Other Parts Discussed in Thread: FFTLIB, SYSBIOS

There is a FFT library I found for the C66X DSP family that says it is for all floating point processors, Does anyone know if it runs on the C6748?  I know that the DSPLIB has fft routines for the C6748, but I wanted to see if the FFTLIB code runs faster.

Blair

  • I moved your thread to the device forum.

    Todd
  • Hi,

    FFTLIB supports only C66x TI DSP platform for little-endian and supports only single-precision and double-precision floating point operations. C66x devices also includes FFT coprocessor which is limited only to fixed point with power of two sized FFT operations.

    Thanks & regards,

    Sivaraj K

    ------------------------------------------------------------------------------------------------------

    Please click the Verify Answer button on this post if it answers your question

    -------------------------------------------------------------------------------------------------------

  • C66X is backward compatible with C647x but of course not the other way.

    Look at table 7-3 in http://www.ti.com/lit/ug/spru187u/spru187u.pdf and you see a list of intrinsic functions that are available in C66 but not in C647.  If any of these intrinsic functions is used in the FFT code, then running the C66 function on C647X core will result in illegal opcode exception (and of course the core will not know what to do with it)

    But if you do not believe me,  try

    Of course, the natural C version of the library, if you recompile the source code under C647X it will run on C647,  but this will be slow

    Ran

  • Thanks folks.
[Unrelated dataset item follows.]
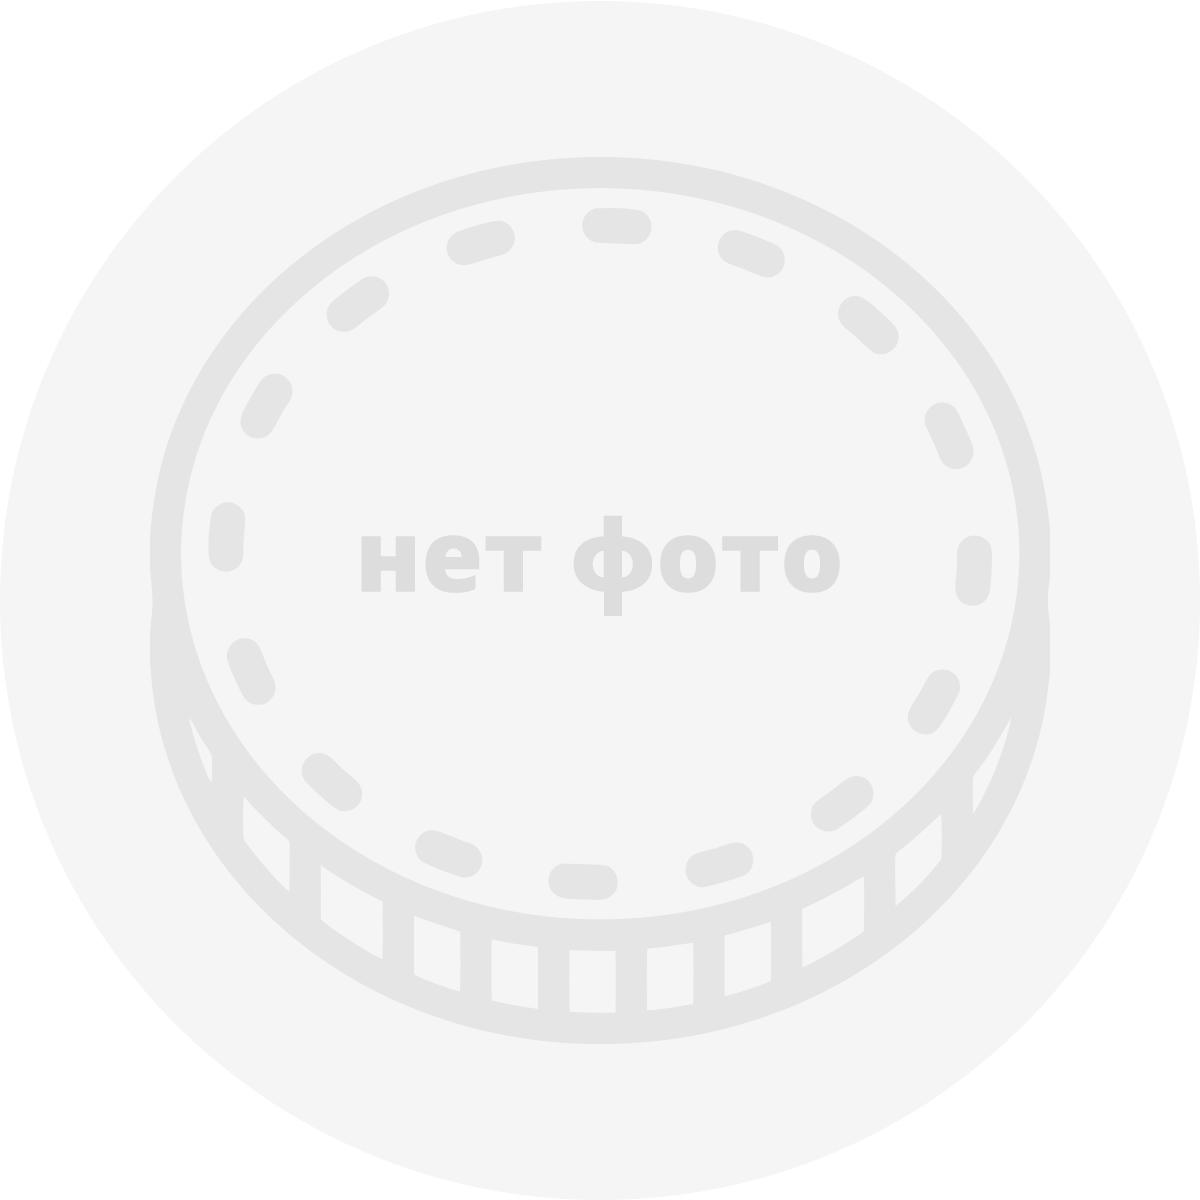 Холдеры 25 мм (степлер)

Looks like it won't work. I'm having a problem getting close to the benchmark results for the DSPF_sp_icfftr2_dif routine in DSPLIB. All data is in internal RAM (not sure about code but caching is enabled) and I'm consistently getting about double the number of cycles as the benchmark for a 256 point FFT. Interrupts are running, but I'm not getting an interrupt during the execution of the FFT (toggling an IO lead to check). The application is a SYSBIOS app running on a C6748. Any ideas on how to trouble shoot this or is the benchmark published in the DSPLIB package out to lunch? The DSPLIB version is 3.1.0.0.

    Thanks,
    Blair
  • Sorry, the routine in question is the FFT (DSPF_sp_cfftr2_dit) not the inverse FFT.

    Blair
  • /cfs-file/__key/communityserver-discussions-components-files/791/7673.C66x-L1-D-Memory-Banks.pptxWhen you say that the data is internal I assume you mean L1D and not L2, right

    If the measured cycles are not the same as you expected it may be memory bank issue.
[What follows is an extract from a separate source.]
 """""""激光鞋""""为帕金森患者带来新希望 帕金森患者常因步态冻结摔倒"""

    If the program reads two numbers from L1D in a cycle, and the two numbers are in the same memory bank(s) an additional delay will be inserted.
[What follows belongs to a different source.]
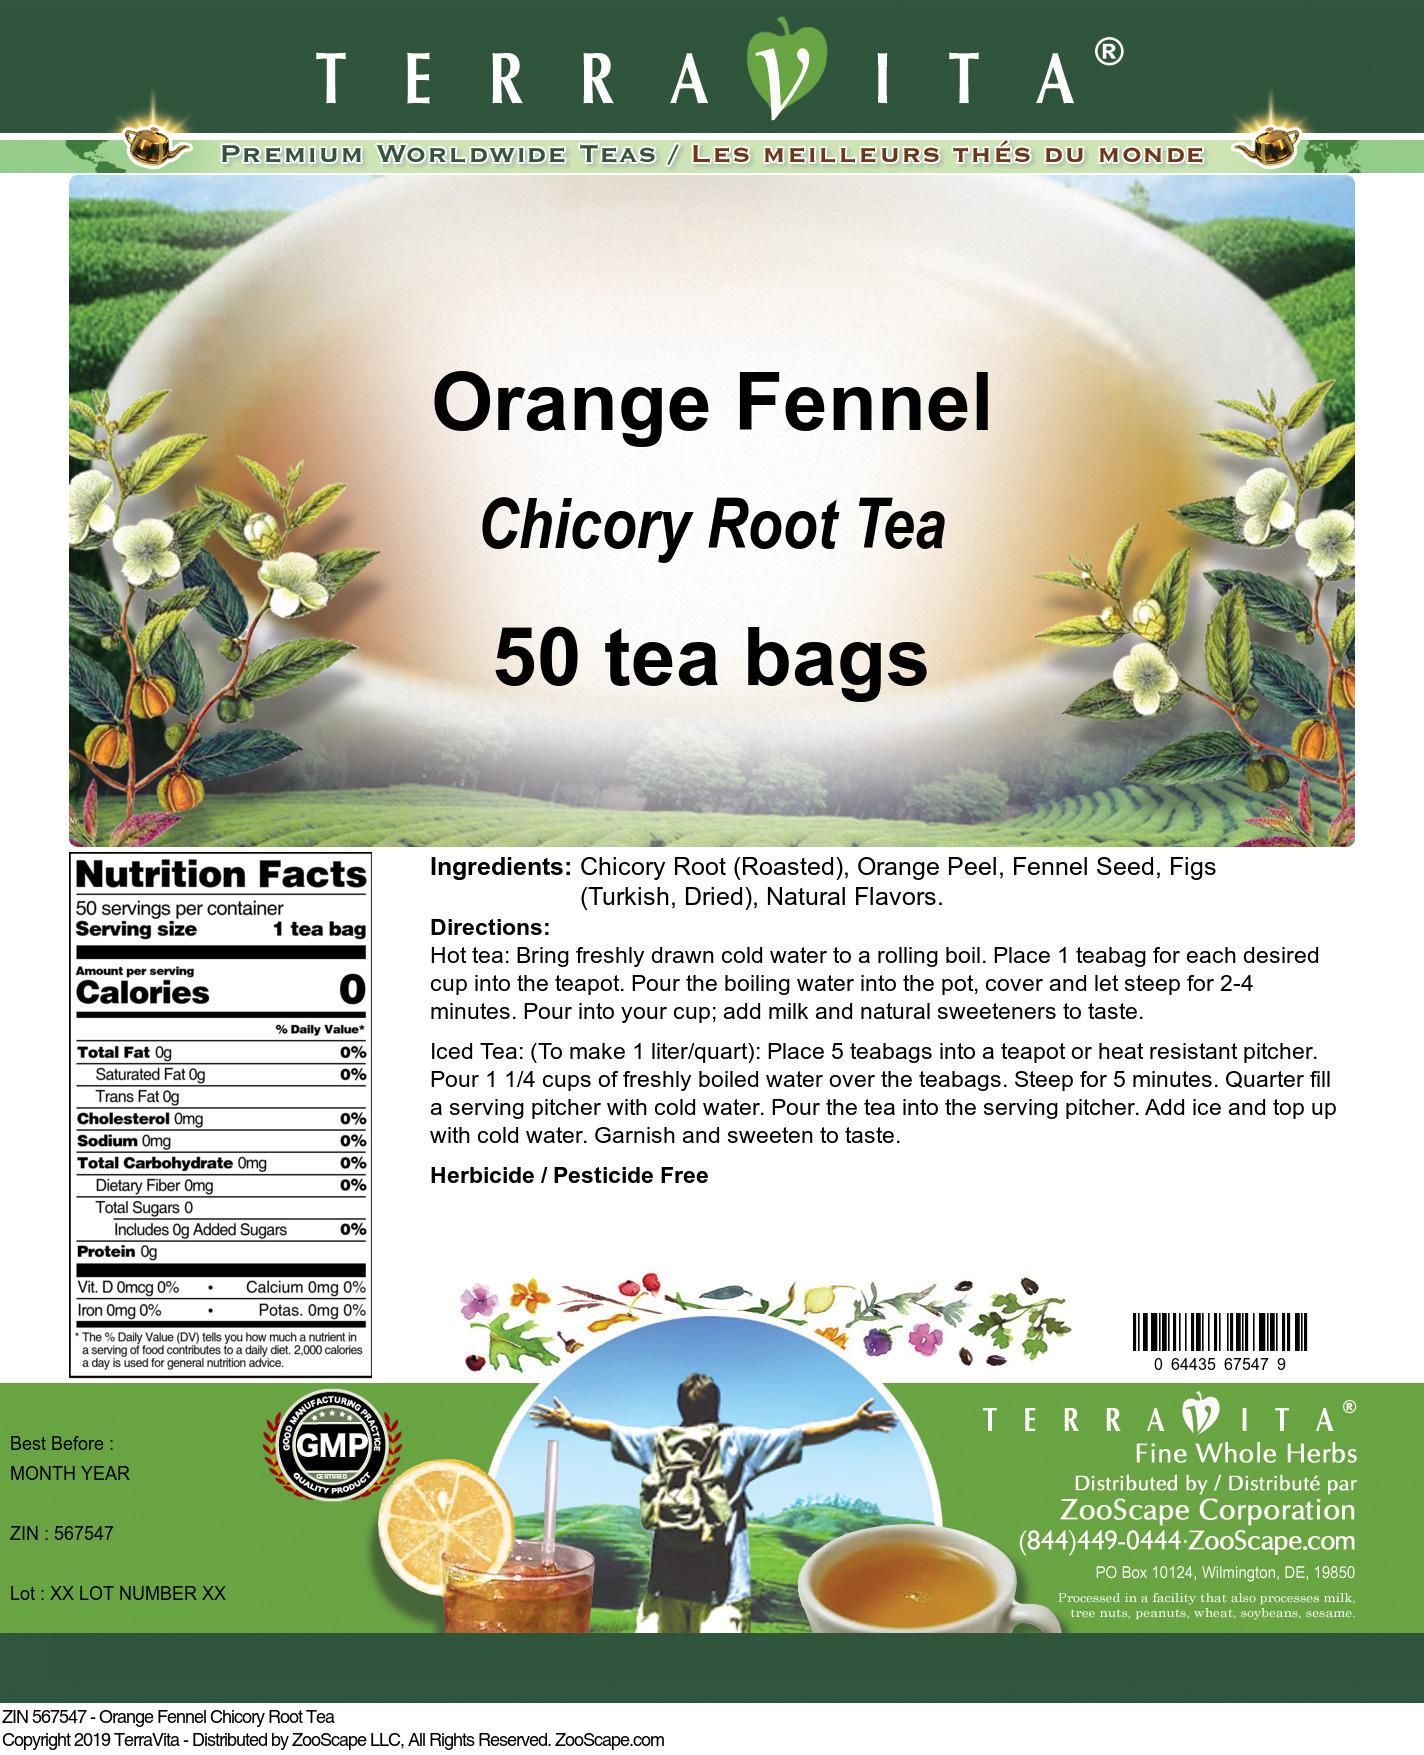 Orange Fennel Chicory Root Tea

    I attach two slides to illustrate the problem.  They are C66 slides, but the same is true for C6478 as well.

    Look at the slides. If you need help examine if you have this case, post it here and I will give you instructions

    Ran

  • Actually the data is in L2. Does it have to be in L1 to get the benchmark timing?
  • Yes, otherwise if L1D is configure as cache, it spend time to get it for the first time

    If the data is not large enough put it in L1D and disable cache

    Ran
  • Looks like the data will fit with no problem. I think I need a few pointers on how to locate the data in L1D. I'm using the cfg file to add segments and locate them in memory, but there is no L1 option. The available segments are IROM, IRAM, L3_CBA_RAM and DDR. I've set aside half of L1D for SRAM now and need to know how to locate my data there.

    Thanks for the help.
    Blair
  • You need to understand how the linker is working. And then you need some pragma to tell the linker where to put the data

    Look for example at www.ti.com/.../spru186w.pdf The linker is described there. If you read the document and still need example how to tell the linker where to put the data, let me know

    By the way, if you use RTSC the memory definition is part of the platform and we do it a little different. So if you use RTSC (if you do not know what RTSC is you do not use it) let me know


    Ran
  • OK I now have the two buffers, the data and the twiddle table located in L1D using the following code



    #pragma LOCATION(FftBuffer,0x00F00000);
    float FftBuffer[2048];

    #pragma LOCATION(FftBuffer,0x00F02008);
    float TwiddleBuffer[1024];

    Code runs and produces the correct result, but still takes twice the time it should. Do the addresses put the data in different banks?

    Blair
  • OK.

    The last thing I can suggest is moving the twiddle buffer one more bank away to 0x00F02010  (may be  in the software pipeline the code reads the first element from vector 1 at the same cycle as the second element of vector 2)

    Other than this, the benchmark values may be off.  You have the source assembly code.  You can estimate how many cycles it should take.

    Ran

  • No luck. That didn't seem to help. Can the bench marks be off by a factor of two? People may be making a design choice to use this processor or not based on these benchmarks so that would be a big problem wouldn't it? I suspect it is something I'm not doing properly, but I can find out what yet. I'm running this code under TI-RTOS, any chance the FFT code could be preempted by a system task like timing?

    Blair

  • May be, run the test code without BIOS, I am not sure what is going on. BIOS in general does not preempt task unless there is an event, but who knows

    Besides, I assume that you measure the time on the function and not on the task.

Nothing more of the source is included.